George Orwell, author of 1984 and, among much else, an essay, “Politics and the English language,” which includes six rules of writing (see below)

Here’s a use of a word I believe good writers should always avoid: reference when the simple verb refer is what’s really meant.

Reference is a perfectly good noun:

  • The professor gave Oscar, a superlative student, a glowing reference.
  • I wouldn’t use that article as a reference; it doesn’t cite sources.
  • The report made reference to a frequently cited climate-change model. (However, it would be preferable to write the report referred to … because it’s shorter, simpler and more reader-friendly)

It can also be used as an adjective:

  • A good dictionary is an unparalleled reference.

In some specialized cases, it can also be used as a verb – usually as a past participle:

  • His biography is replete with well-referenced material.

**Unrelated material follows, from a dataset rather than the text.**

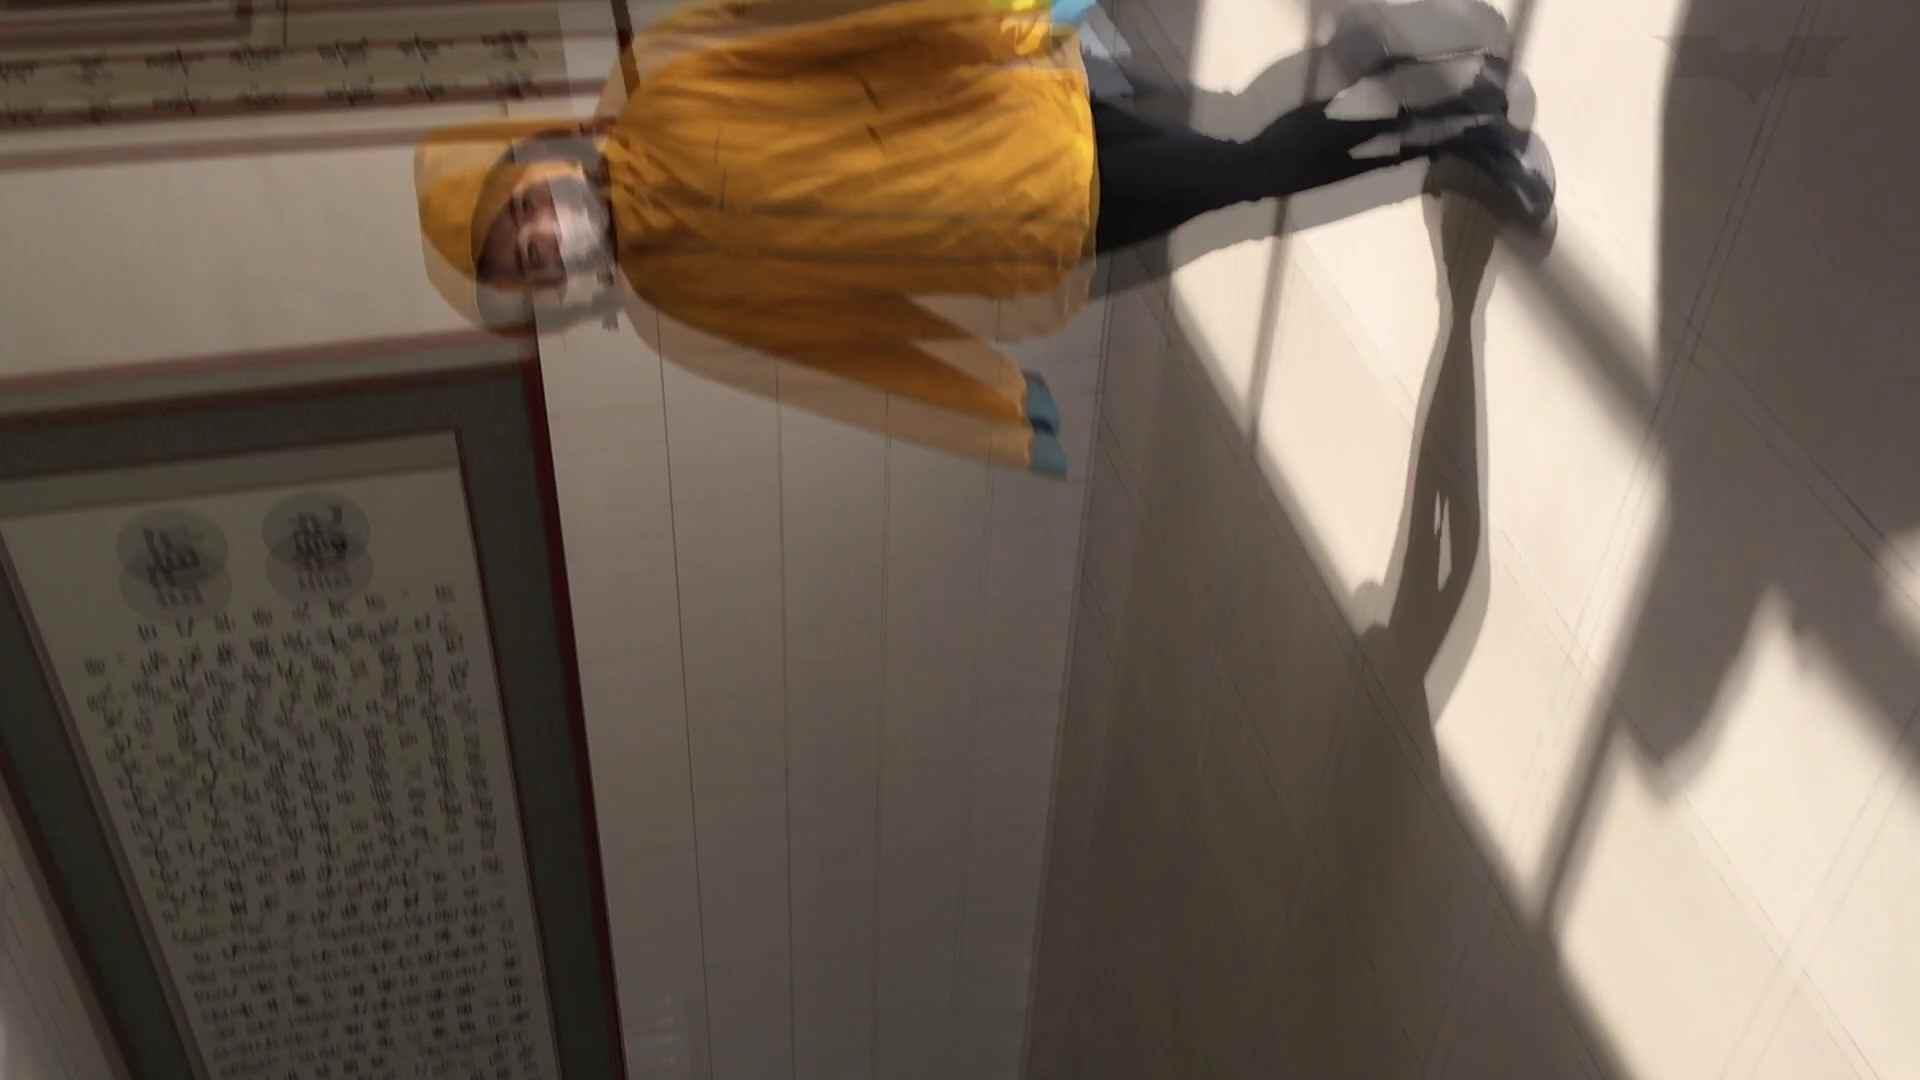 芸術大学ガチ潜入盗撮 JD盗撮 美女の洗面所の秘密 Vol.91 盗撮 | 高画質  97画像 17

However, there’s no good reason to use reference as a verb where refer will convey your meaning more plainly and concisely. Unfortunately, I see this poor usage – typical of inflated corporate and academic jargon – far too often. Here’s a recent example in, of all places, the Wall Street Journal, normally a paragon of excellent writing:

On July 8, 2017, the Journal reported that a White House source had said “the issue was referenced but there was no substantive discussion.”

It would have been far better to write “the issue was referred to [or mentioned] but there was no substantive discussion.”

Replacing refer with reference violates three of George Orwell’s six rules of writing:

  1. Never use a metaphor, simile, or other figure of speech which you are used to seeing in print.
  2. Never use a long word where a short one will do.
  3. If it is possible to cut a word out, always cut it out.
  4. Never use the passive where you can use the active.
  5. Never use a foreign phrase, a scientific word, or a jargon word if you can think of an everyday English equivalent.
  6. Break any of these rules sooner than say anything outright barbarous.

Reference in place of refer may not be exactly barbarous, but it’s far from pretty.